4. All Tomorrow's Parties: Or this one, started in 1999 in London and named after the drone-heavy song on the Velvet Underground's 1967 debut album The Velvet Underground & Nico. ATP's organizers add a twist, much copied now, by letting an artist they admire book the festival (called "curating"). Sonic Youth did the honors for ATP's first American edition, held at UCLA in 2002. It relocated to the East Coast in 2008, when My Bloody Valentine did the honors, and glum Brooklyn rockers the National are at the wheel this year.

5. Bumbershoot: The rare instance of a festival name that is both clever and appropriate to its surroundings. Bumbershoot, which takes place in Seattle over Labor Day Weekend, is also a term for "umbrella" that dates back to the 1890s.

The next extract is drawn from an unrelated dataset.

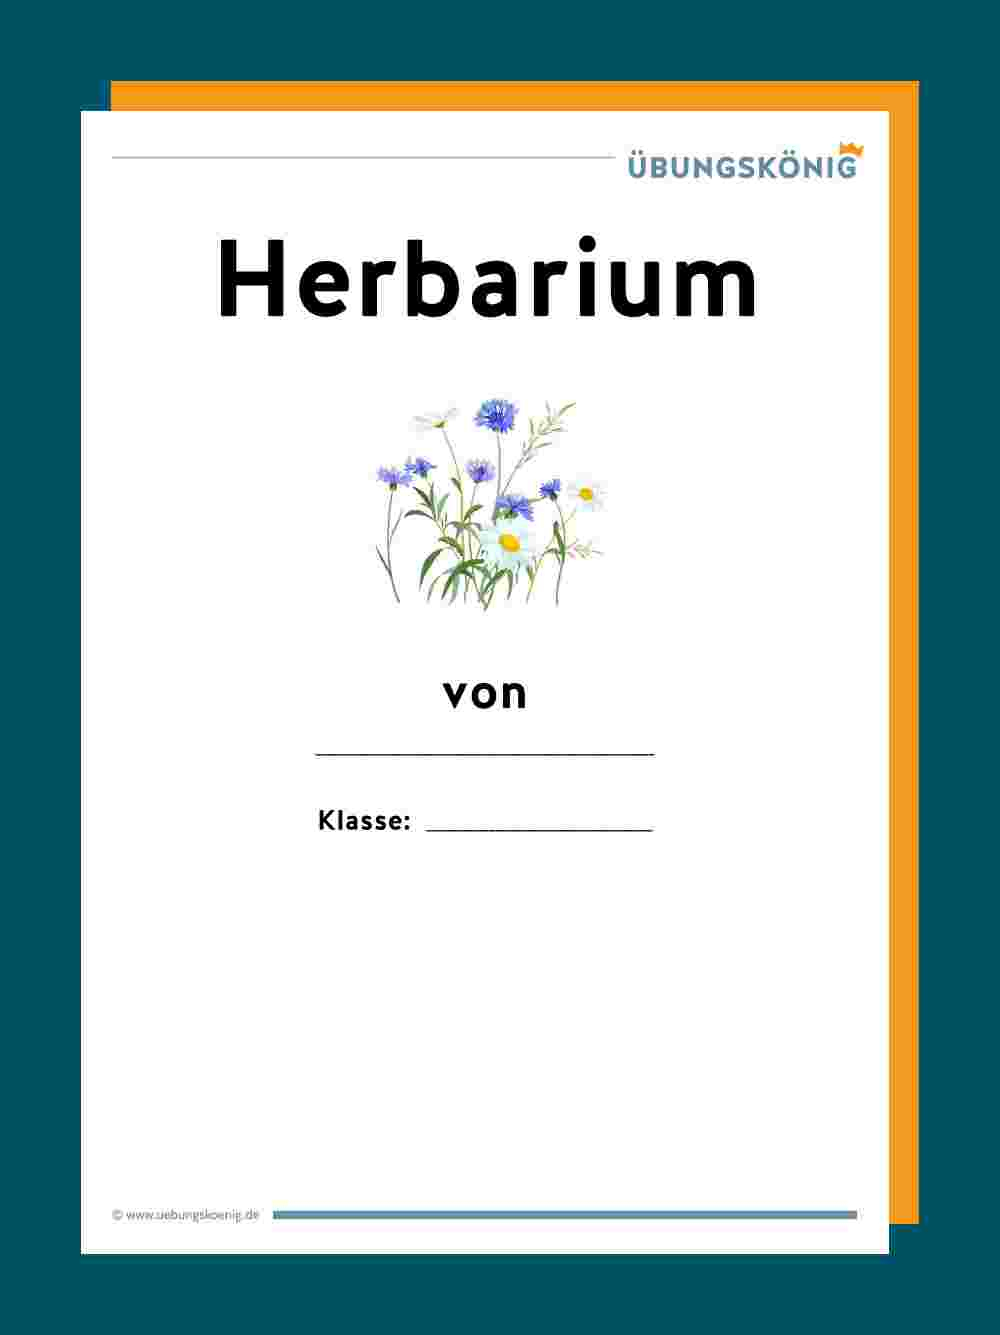 Herbarium in Herbarium Beschriftungsvorlage Muster

6. Lollapalooza: Its exact etymology is unclear, but "Lollapalooza" also dates back to the 1890s and merely means "something unusual." As far as we know, Perry Ferrell has not been actually been to trademark the word, although he is a partner in the festival he started as Jane's Addiction's 1991 farewell tour and moved into Chicago's Grant Park in 2005. More likely, he was thumbing through a thesaurus when looking for something to call Jane's tour; Merriam-Webster suggests "bee's knees," "cat's meow," "jim-dandy" and "sockdolager." Any one of those might have turned out a wee bit differently.

7. Rocks Off really, really hopes we don't have to tell our readers how the Austin City Limits Music Festival got its name (hint: Raphael Saadiq and Black Joe Lewis & the Honeybears were on last on week), but this year's lineup should be announced in a few more weeks.